Dataset content ::
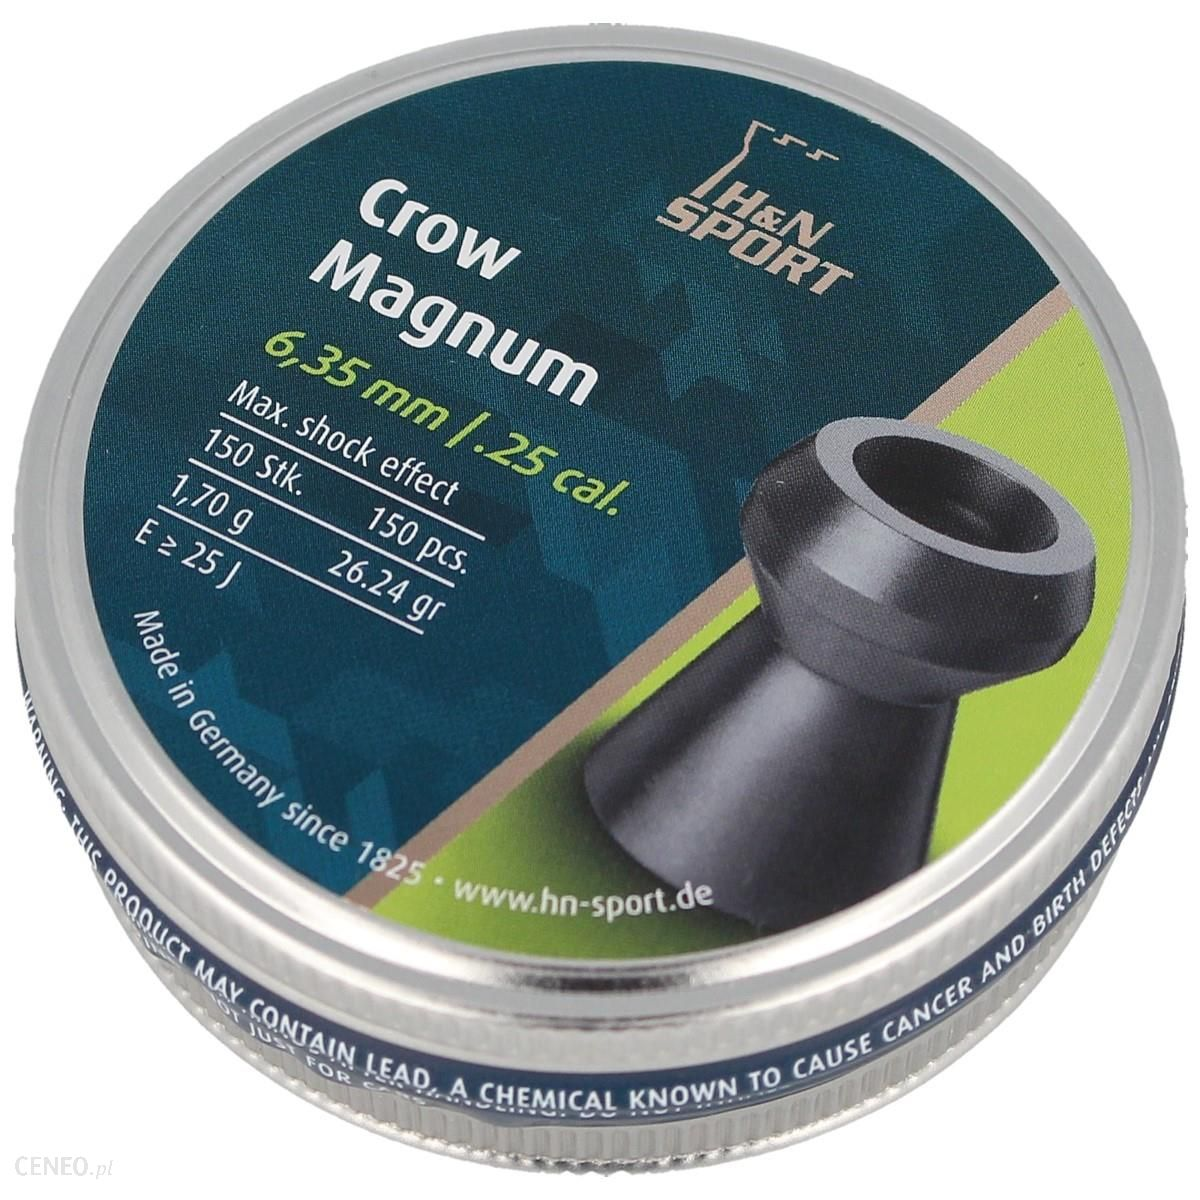 H&N Sport Śrut Diabolo H&N Crow Magnum Kal 6.35 Mm 150 Szt - 92226350003
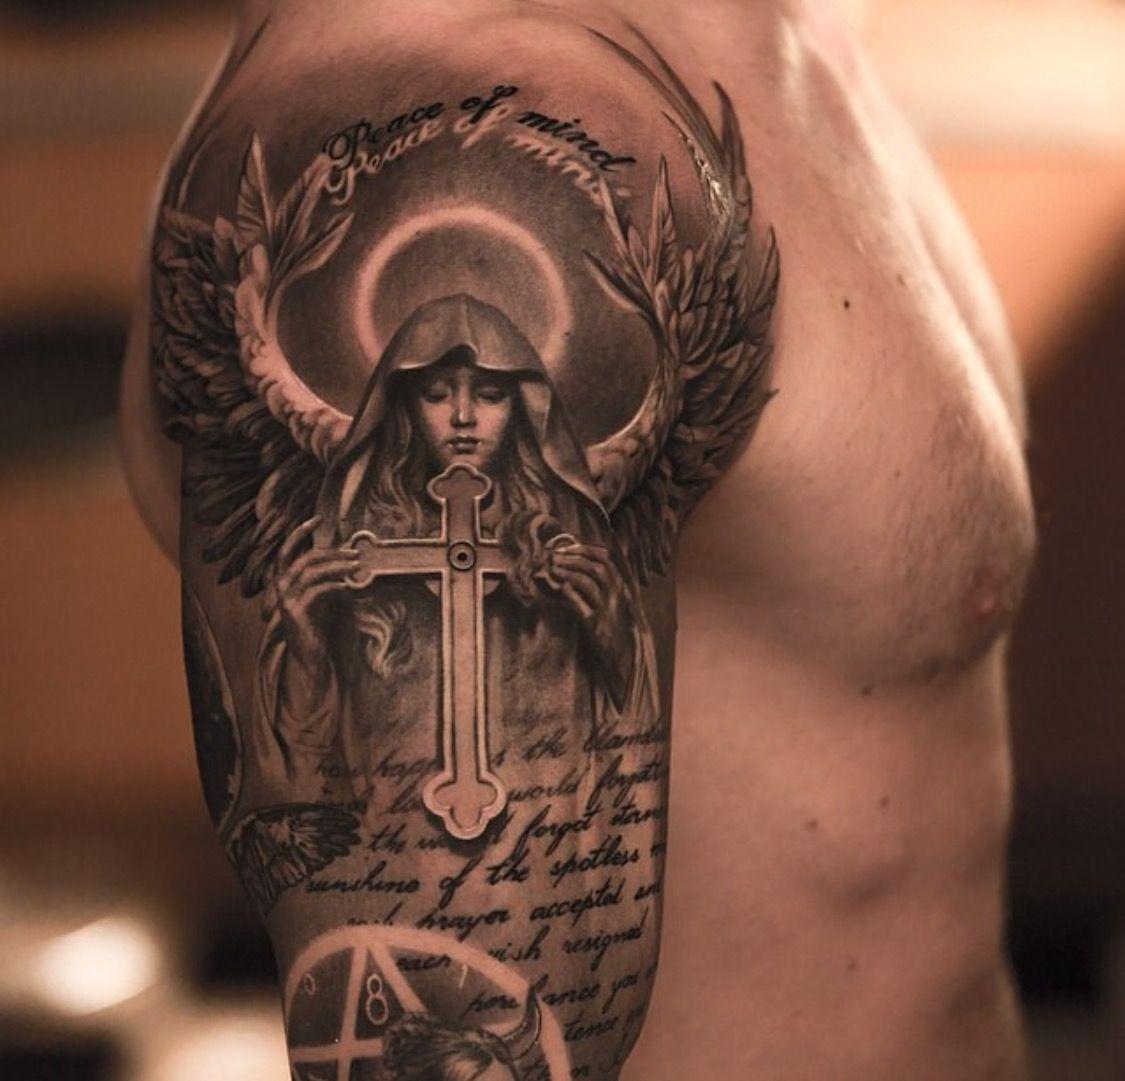 Pin By Antonio On Tattoos Pinterest Tatouage Tatouage Bras And
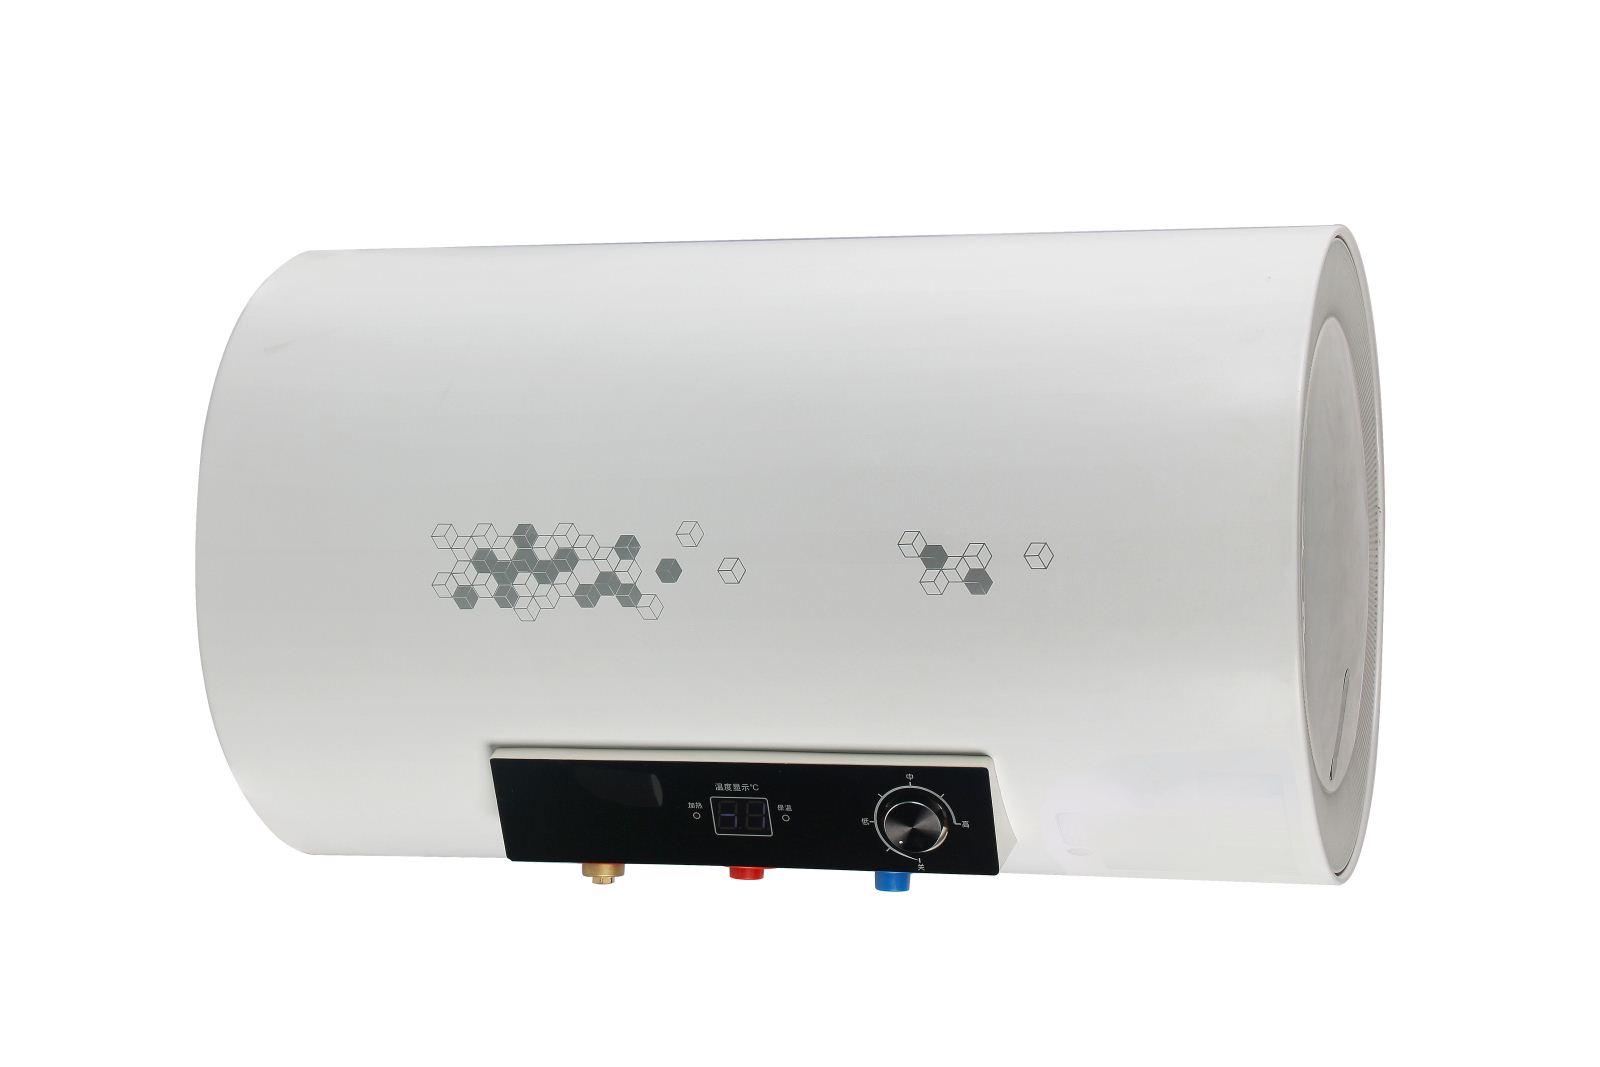 海尔电热水器如何 海尔电热水器的五大特色需知
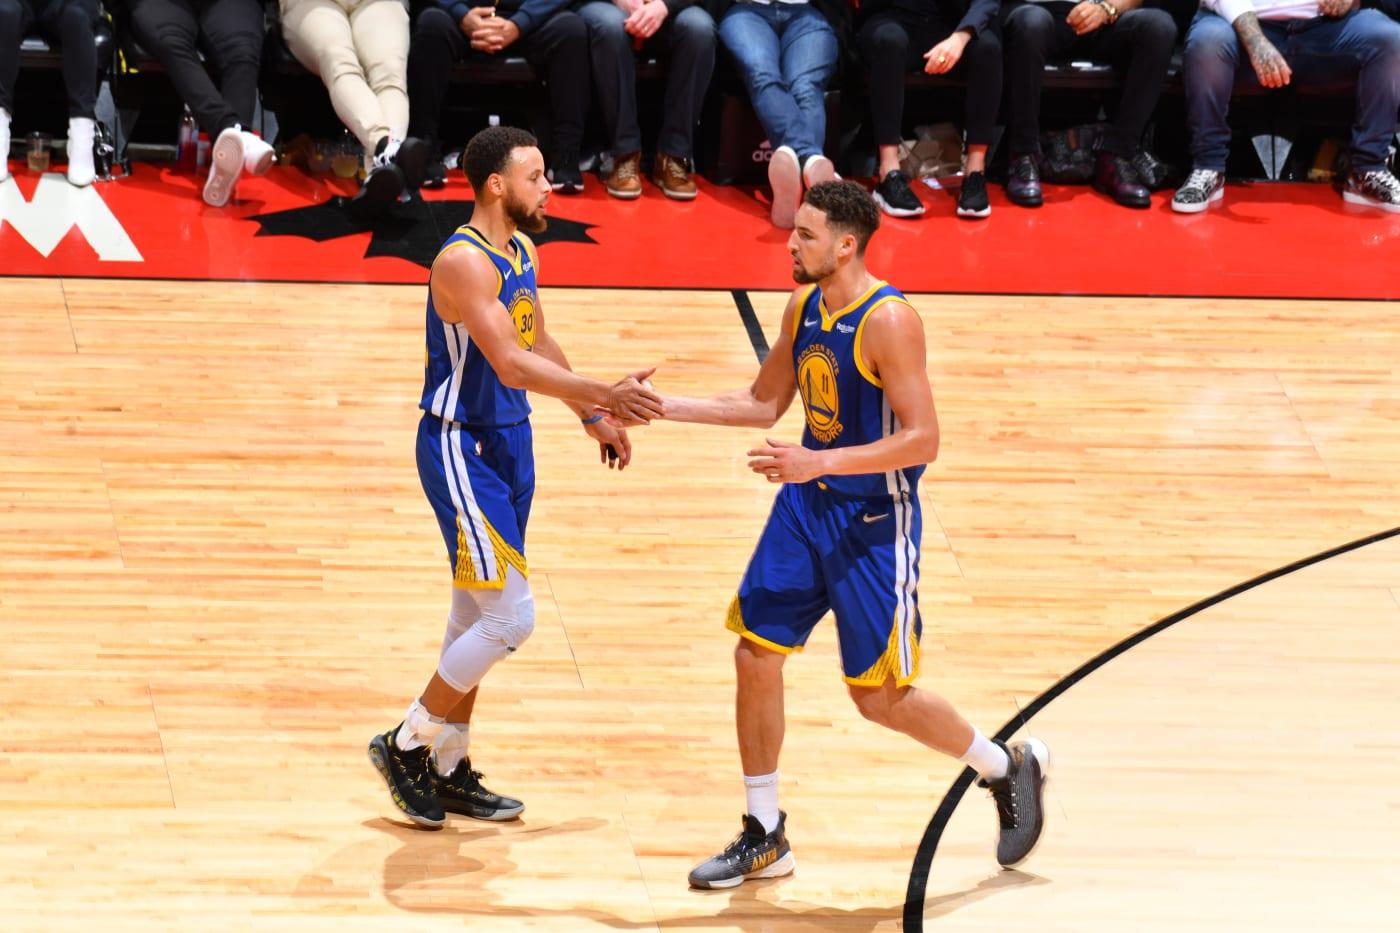 Steph Curry & Klay Thompson

Activity :: Output the data above exactly, excluding images.

Expected output ::
 H&N Sport Śrut Diabolo H&N Crow Magnum Kal 6.35 Mm 150 Szt - 92226350003
 Pin By Antonio On Tattoos Pinterest Tatouage Tatouage Bras And
 海尔电热水器如何 海尔电热水器的五大特色需知
 Steph Curry & Klay Thompson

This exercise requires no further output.